[slurm-users] Strange behaviour with dynamically linked binary in batch job

Sebastian Potthoff s.potthoff at uni-muenster.de
Thu Mar 31 10:44:40 UTC 2022

Just a quick follow up, that I could resolve the issue. Maybe this helps someone in the future.

 $BASH_ENV was pointing to a deprecated script, resetting the module environment. This only is an issue for non-interactive, non-login shells (i.e. sbatch) and the issue was therefore not seen when running in an interactive slurm session. 
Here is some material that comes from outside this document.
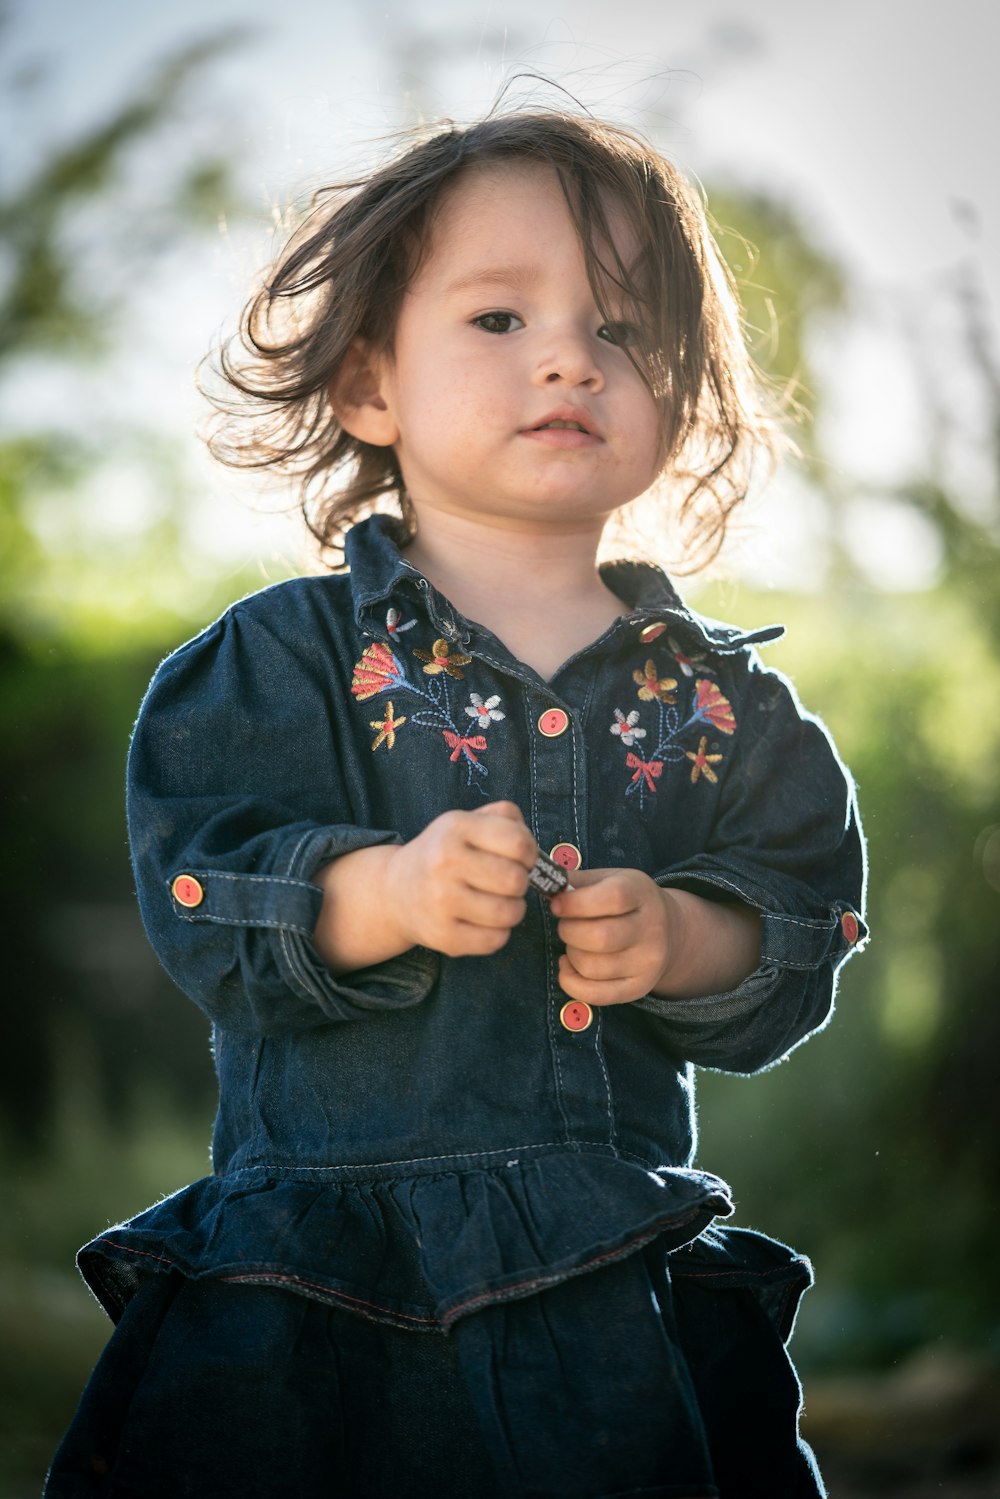 a little girl in a denim dress standing in a field

I addition „ldd“ seems to create a subprocess/shell? Using 

/usr/lib64/ld-linux-x86-64.so.2 --list /path/to/binary

 did not have the described issue. 

Concerning other self-compile binaries, which seemed to work fine: those had a set an RPATH and were therefore always finding the correct MPI libs.

Kind regards

> Am 30.03.2022 um 18:08 schrieb Sebastian Potthoff <s.potthoff at uni-muenster.de>:
> Hi Noam,
> Thanks for your suggestion - I already did this and confirmed the modules and LD_LIBARARY_PATH are set correctly. Also if there was something wrong here, all of this would not work with self-compiled binaries, which it does… which baffles me :-/
>> Am 30.03.2022 um 17:51 schrieb Bernstein, Noam CIV USN NRL (6393) Washington DC (USA) <noam.bernstein at nrl.navy.mil <mailto:noam.bernstein at nrl.navy.mil>>:
>> One possibility is that something about the environment in the running batch job is making the "module load" commands fail, which they can do without any error (for old fashioned tcl-based env modules).  Do "module list" after, and echo $LD_LIBRARY_PATH, to confirm that it really is being set correctly in the batch job.